#### Entries shown

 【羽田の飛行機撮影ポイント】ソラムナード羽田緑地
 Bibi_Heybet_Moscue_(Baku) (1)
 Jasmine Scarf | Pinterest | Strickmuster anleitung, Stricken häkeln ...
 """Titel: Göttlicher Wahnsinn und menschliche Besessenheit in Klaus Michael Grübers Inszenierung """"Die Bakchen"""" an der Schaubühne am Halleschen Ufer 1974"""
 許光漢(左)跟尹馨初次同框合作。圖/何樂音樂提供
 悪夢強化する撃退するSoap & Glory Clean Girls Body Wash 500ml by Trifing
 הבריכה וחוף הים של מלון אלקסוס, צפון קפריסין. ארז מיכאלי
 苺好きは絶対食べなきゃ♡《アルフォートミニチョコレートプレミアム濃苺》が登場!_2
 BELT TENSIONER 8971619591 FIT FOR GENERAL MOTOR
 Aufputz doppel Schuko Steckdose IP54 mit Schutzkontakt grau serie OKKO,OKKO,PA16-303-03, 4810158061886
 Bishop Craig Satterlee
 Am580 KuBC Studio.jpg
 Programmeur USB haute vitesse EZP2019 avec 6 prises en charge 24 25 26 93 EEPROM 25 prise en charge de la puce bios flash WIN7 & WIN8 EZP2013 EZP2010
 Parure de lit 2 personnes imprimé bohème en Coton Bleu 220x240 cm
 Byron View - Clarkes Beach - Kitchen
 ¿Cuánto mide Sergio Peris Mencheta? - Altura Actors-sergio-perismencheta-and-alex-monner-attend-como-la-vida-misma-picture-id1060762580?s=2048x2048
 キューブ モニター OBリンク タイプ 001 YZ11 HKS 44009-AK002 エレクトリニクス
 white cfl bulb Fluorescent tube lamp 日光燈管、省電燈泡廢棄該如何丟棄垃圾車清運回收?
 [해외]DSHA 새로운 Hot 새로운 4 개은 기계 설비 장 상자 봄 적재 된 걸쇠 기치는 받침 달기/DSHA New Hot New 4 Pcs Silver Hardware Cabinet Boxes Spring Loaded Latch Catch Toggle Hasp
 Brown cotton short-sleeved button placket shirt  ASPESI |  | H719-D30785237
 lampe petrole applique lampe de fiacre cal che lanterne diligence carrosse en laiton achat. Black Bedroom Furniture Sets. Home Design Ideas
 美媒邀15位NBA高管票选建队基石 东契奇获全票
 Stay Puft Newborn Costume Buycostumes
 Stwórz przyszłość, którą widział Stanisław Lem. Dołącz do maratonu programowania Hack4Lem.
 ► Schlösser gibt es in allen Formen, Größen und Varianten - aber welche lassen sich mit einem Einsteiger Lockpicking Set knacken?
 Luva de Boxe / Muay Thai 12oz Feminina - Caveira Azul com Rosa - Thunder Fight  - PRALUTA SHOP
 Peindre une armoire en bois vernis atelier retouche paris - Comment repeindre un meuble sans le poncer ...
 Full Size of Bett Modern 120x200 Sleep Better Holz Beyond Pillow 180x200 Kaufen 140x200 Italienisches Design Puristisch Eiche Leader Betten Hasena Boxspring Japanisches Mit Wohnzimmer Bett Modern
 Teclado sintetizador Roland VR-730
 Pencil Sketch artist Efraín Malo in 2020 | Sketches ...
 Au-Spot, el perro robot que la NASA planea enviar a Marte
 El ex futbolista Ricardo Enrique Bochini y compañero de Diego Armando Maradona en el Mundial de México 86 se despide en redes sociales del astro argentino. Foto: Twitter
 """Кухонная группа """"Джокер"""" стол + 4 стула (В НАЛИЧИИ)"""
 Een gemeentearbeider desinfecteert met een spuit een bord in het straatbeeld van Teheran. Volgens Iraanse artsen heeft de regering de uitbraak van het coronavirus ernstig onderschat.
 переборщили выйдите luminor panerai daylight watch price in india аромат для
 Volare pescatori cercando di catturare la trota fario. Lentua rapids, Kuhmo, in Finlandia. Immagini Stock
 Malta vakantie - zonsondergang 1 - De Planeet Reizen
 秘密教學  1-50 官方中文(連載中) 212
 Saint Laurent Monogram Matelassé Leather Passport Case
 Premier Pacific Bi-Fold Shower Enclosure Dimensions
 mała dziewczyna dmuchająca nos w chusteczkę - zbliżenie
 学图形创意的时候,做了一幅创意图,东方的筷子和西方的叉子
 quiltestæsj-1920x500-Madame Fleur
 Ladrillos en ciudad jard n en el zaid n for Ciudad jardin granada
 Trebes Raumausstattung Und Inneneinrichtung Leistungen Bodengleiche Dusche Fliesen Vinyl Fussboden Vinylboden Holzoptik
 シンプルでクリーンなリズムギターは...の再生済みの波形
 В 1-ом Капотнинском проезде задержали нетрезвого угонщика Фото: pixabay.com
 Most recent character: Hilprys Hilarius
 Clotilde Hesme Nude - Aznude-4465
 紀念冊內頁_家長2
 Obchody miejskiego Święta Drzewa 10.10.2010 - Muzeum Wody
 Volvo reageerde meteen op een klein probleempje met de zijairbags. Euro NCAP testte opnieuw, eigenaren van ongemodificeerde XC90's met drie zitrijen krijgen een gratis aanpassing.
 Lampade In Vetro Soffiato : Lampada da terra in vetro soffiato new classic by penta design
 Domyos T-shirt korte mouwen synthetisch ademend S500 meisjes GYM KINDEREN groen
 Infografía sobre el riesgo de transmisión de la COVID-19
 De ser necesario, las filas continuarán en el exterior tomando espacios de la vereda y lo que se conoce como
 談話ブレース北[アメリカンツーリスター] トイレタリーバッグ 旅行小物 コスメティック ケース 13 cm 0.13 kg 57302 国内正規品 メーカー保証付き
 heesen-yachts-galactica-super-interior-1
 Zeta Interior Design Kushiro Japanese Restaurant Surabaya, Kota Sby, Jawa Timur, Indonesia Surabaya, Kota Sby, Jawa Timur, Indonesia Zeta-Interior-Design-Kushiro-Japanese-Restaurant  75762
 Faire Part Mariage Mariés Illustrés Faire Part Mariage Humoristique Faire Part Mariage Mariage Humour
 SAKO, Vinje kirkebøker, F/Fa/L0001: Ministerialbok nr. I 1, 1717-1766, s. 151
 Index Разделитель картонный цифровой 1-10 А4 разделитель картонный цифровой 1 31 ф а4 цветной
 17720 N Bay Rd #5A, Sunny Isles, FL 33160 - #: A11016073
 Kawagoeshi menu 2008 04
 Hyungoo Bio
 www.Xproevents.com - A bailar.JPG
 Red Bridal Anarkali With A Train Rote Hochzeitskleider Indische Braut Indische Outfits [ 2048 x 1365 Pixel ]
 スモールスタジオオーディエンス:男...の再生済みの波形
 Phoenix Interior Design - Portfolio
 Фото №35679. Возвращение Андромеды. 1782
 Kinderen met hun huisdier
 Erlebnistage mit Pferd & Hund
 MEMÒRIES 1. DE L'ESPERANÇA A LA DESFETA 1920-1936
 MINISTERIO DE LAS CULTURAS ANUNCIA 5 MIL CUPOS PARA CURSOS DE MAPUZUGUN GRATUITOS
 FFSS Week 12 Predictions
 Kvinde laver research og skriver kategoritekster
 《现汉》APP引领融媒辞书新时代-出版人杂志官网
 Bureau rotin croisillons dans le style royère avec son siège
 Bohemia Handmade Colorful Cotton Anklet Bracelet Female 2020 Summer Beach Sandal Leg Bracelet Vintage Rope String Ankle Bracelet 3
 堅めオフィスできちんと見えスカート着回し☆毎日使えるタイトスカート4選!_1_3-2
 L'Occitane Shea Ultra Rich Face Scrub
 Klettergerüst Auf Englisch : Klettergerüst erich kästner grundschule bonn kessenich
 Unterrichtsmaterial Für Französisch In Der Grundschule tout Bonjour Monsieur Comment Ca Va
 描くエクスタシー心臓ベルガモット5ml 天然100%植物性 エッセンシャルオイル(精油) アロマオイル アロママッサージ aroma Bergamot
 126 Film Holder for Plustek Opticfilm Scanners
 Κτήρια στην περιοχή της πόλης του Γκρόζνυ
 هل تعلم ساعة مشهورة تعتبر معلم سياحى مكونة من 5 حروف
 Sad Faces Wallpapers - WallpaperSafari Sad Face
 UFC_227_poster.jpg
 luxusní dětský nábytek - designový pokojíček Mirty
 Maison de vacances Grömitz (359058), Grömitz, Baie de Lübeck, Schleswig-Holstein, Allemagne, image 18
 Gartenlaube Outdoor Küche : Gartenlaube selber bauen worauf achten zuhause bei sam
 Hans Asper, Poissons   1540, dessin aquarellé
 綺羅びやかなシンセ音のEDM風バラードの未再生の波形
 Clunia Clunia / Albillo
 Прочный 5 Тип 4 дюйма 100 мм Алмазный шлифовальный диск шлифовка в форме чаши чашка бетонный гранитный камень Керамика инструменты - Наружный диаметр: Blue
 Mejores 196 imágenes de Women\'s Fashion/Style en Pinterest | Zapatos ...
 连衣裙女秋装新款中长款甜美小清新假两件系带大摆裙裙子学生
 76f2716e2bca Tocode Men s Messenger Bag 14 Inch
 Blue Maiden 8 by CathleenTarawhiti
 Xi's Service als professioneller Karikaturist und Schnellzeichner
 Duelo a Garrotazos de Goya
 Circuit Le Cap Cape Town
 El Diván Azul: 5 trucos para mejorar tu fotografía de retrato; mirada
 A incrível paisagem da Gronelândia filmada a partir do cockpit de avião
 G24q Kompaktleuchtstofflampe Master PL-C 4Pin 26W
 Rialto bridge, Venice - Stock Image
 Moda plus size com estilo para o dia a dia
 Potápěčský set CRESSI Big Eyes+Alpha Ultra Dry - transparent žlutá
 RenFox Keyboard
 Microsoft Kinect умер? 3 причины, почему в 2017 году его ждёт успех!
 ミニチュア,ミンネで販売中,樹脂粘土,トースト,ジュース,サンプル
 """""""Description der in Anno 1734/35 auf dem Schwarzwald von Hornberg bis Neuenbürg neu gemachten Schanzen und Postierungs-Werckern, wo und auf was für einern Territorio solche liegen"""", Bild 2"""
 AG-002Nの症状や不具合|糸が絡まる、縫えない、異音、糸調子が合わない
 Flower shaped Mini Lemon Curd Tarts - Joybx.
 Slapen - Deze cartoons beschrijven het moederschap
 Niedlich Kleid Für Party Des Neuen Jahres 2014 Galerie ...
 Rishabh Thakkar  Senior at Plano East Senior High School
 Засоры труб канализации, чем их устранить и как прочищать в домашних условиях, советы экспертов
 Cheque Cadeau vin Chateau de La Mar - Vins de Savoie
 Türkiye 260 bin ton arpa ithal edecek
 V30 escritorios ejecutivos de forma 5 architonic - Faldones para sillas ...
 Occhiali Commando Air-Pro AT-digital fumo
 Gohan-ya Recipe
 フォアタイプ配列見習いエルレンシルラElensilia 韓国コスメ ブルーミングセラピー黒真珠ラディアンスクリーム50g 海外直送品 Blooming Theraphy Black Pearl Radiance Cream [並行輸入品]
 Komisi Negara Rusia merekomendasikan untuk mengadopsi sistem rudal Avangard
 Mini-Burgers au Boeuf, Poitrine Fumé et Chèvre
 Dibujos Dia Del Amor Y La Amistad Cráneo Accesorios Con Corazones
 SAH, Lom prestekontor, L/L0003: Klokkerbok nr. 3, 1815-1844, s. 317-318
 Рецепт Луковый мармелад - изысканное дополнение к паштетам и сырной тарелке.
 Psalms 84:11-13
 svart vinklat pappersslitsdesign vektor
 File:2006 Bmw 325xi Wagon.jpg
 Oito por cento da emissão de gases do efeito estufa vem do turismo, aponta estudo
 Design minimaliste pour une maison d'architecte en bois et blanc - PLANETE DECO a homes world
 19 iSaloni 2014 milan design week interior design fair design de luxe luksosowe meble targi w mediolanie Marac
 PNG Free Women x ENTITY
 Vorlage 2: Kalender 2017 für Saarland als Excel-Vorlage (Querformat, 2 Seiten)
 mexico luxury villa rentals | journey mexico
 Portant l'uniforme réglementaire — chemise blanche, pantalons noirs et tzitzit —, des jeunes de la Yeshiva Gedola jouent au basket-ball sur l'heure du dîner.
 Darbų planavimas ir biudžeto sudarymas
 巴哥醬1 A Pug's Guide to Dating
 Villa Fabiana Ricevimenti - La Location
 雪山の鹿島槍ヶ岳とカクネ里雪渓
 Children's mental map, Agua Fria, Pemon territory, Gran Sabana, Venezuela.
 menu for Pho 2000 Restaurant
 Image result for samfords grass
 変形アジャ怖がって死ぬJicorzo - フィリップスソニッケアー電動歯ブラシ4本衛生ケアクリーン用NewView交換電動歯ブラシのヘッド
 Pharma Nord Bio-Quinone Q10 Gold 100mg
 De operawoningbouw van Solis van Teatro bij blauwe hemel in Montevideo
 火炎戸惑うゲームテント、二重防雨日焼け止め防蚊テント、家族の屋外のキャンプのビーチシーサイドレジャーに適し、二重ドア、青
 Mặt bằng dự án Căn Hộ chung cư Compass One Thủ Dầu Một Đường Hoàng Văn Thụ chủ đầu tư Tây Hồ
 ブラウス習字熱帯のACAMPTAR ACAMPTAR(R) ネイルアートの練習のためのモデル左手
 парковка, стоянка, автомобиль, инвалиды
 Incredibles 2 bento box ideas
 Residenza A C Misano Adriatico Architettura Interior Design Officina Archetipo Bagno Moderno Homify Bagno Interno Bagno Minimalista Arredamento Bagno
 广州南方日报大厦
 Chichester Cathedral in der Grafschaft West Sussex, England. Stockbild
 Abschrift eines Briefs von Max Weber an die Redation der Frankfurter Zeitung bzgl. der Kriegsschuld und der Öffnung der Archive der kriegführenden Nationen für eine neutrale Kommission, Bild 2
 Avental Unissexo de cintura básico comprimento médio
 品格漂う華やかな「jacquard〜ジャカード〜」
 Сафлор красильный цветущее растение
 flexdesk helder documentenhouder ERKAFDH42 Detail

########

**Required action**
Each line from the one with "Avental Unissexo de" through the end of the records above should be written out exactly. No other line should appear.

**Expected answer**
 Avental Unissexo de cintura básico comprimento médio
 品格漂う華やかな「jacquard〜ジャカード〜」
 Сафлор красильный цветущее растение
 flexdesk helder documentenhouder ERKAFDH42 Detail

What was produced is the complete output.